We'll definitely be on the look out for these types of customers going forward
- and the cost definitely outweighs any sales we would get from these toxic
customers.

------
andrew_wc_brown
The customer did sound like a hassle, but by the sound of the author I think
he could have admitted ways he could have improved his customer support.

\- Multiple Questions that Can Be Answered from Your Website

Improve the accessibility of the questions, educate the lead/customer on its
location.

\- Asking for a discount

Whether you like to haggle or not, there are people that think part of the
buying process requires a haggle. Have a trivial bonus you can award to your
haggler so they feel like a winner.

\- Carpet bombing info@ sales@ questions@ support@ and etc..

These emails are impersonal, people want to talk to real people. If you aren't
a big company use your name or if you want a generic account that everyone can
use just make up a name: jason@yourcompany.com

\- Calling your cellphone multiple times

If you don't want to phone support.

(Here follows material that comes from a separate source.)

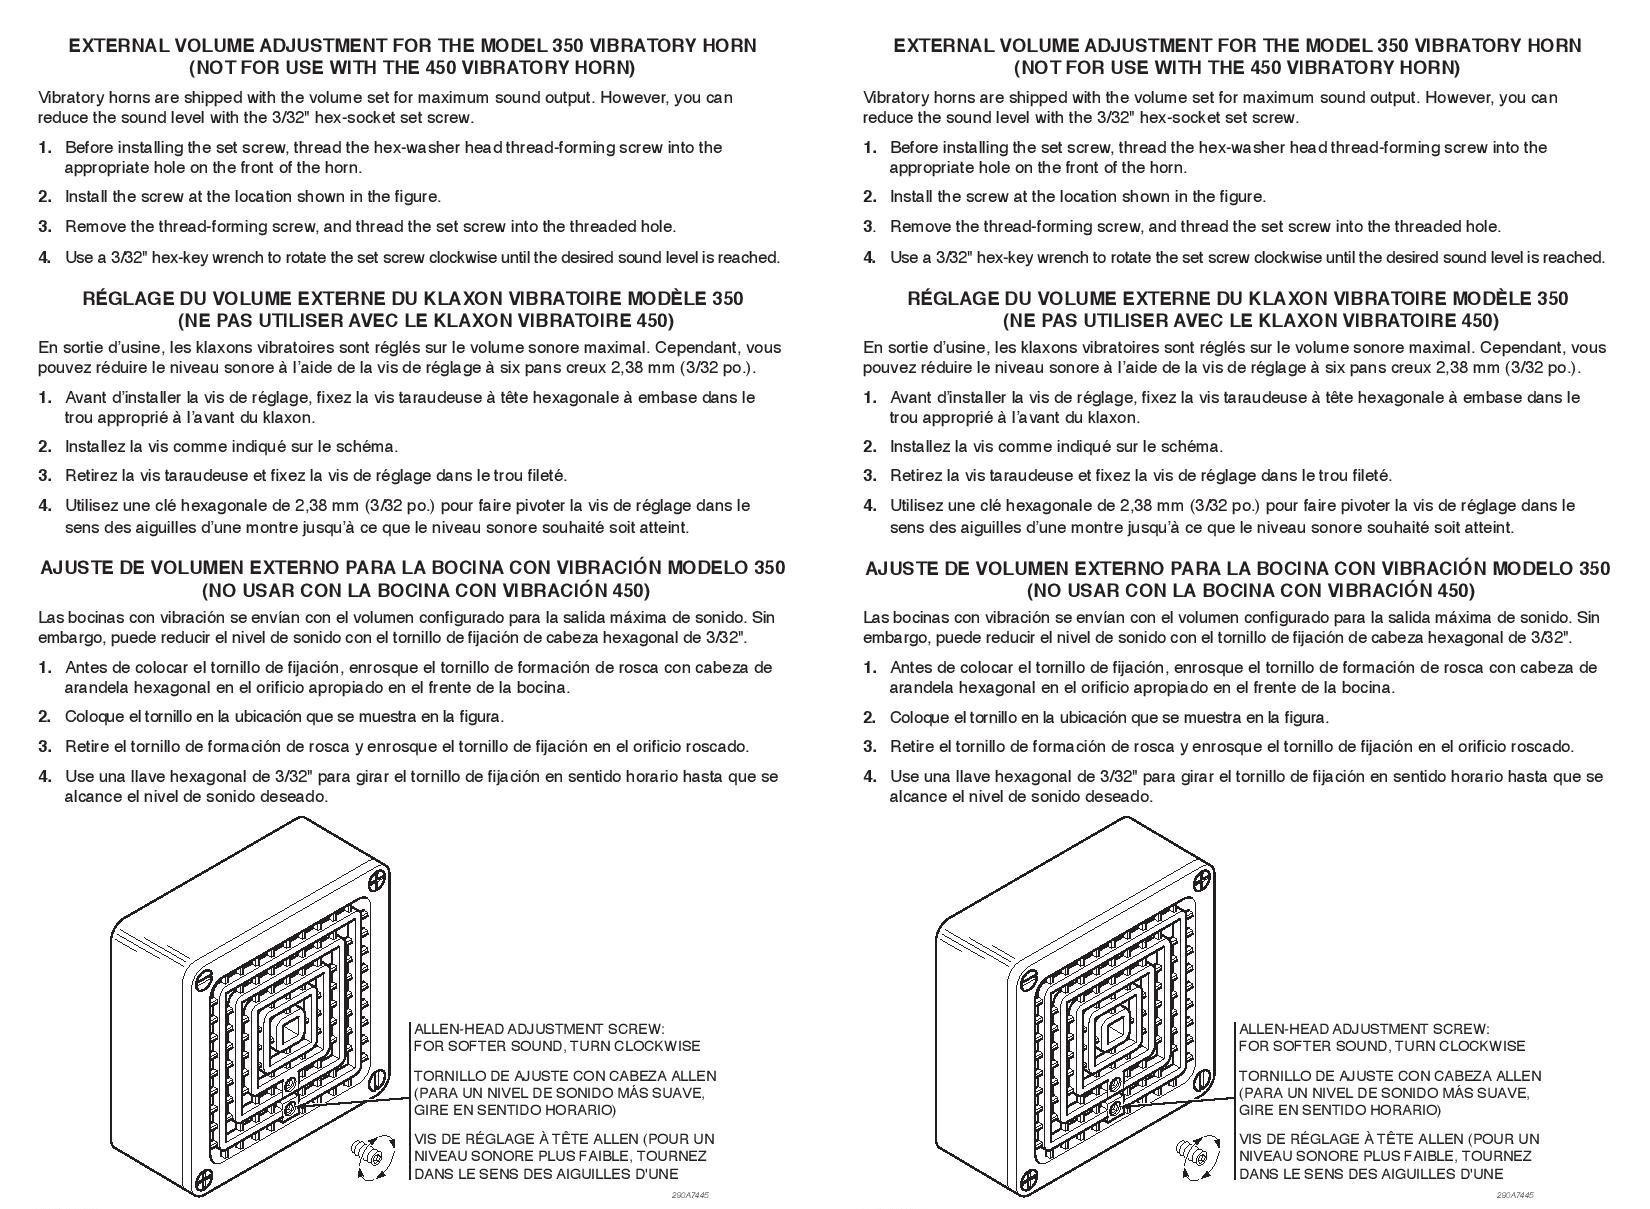 Buzzer Volume Adjustment Kit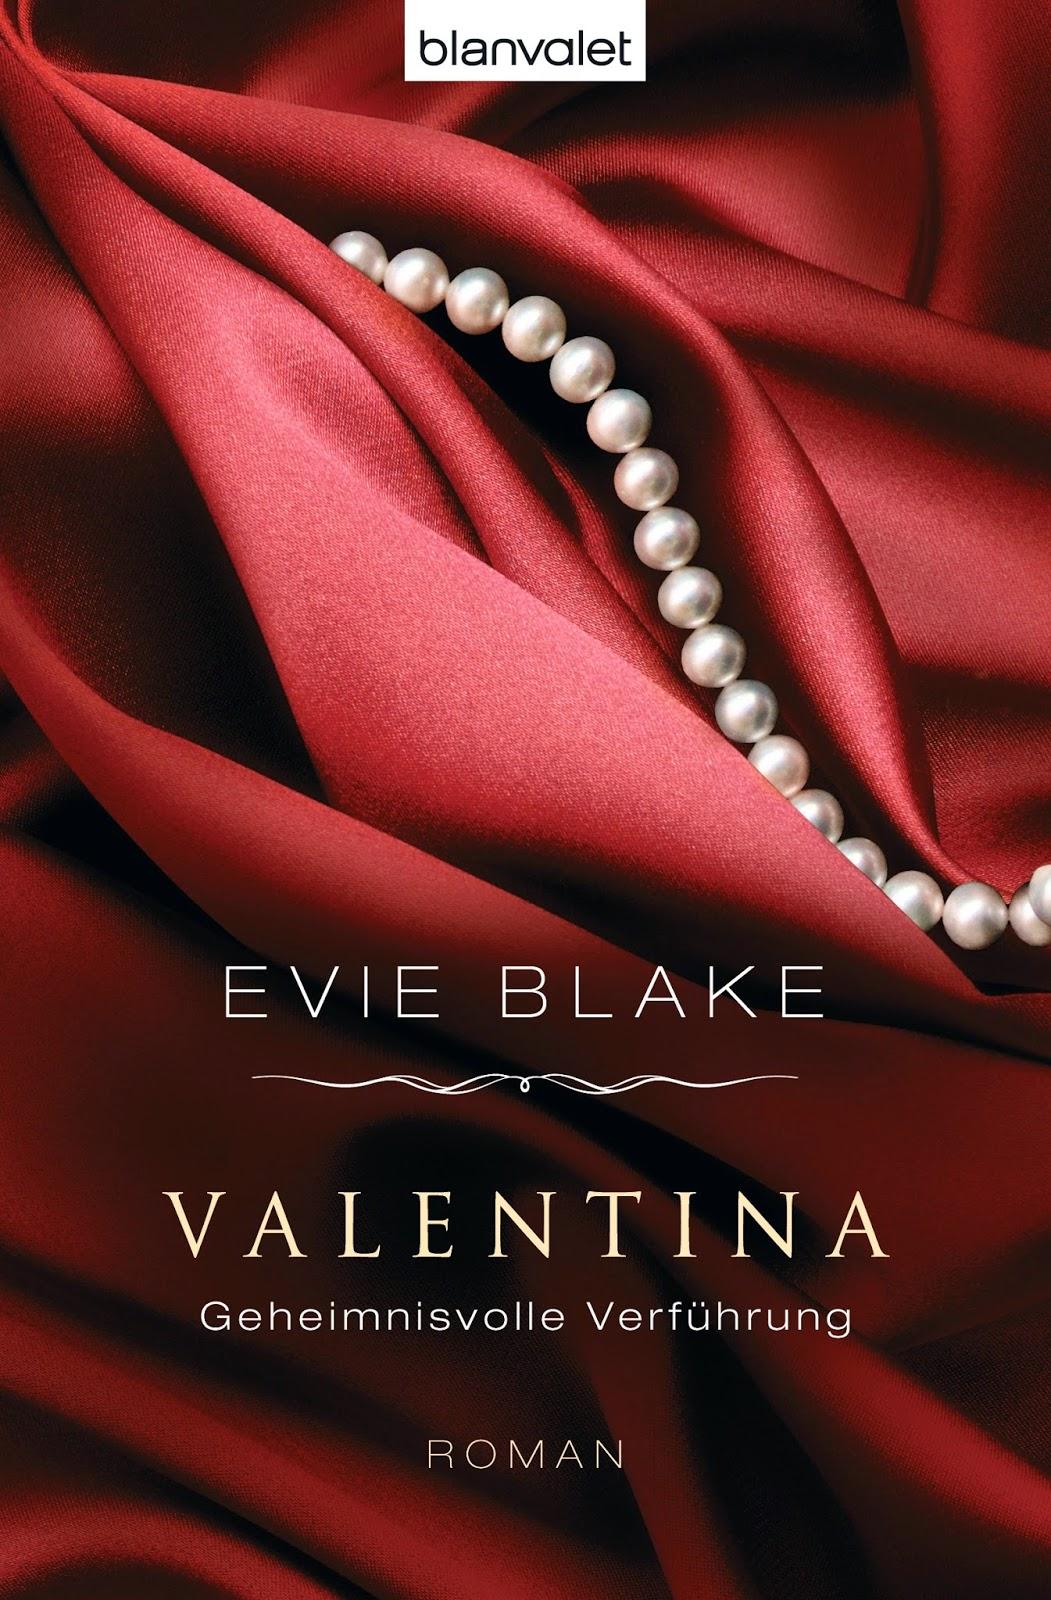 http://www.randomhouse.de/Presse/Paperback/Valentina-3-Geheimnisvolle-Verfuehrung-Roman/Evie-Blake/pr443689.rhd?mid=5&showpdf=false&per=508953#tabbox

Don't list your cellphone on your website.
If you have to list a number go buy one that goes to an answering machine.

\- Email Ping Pong

If you're lead/customer is getting frustrated with every back paddle of an
email you send back its possible you aren't communicating in a way they
understand or your not giving them an answer they'd accept. You don't have to
give them the answer they want just one they get.

------
OldSchool
Right-on! These scenarios are sadly straight out of real day-to-day life in a
successful business.

The colleague one is classic, or worse yet, you're called by the 'expert'
himself who trivializes your product yet somehow is calling to buy it.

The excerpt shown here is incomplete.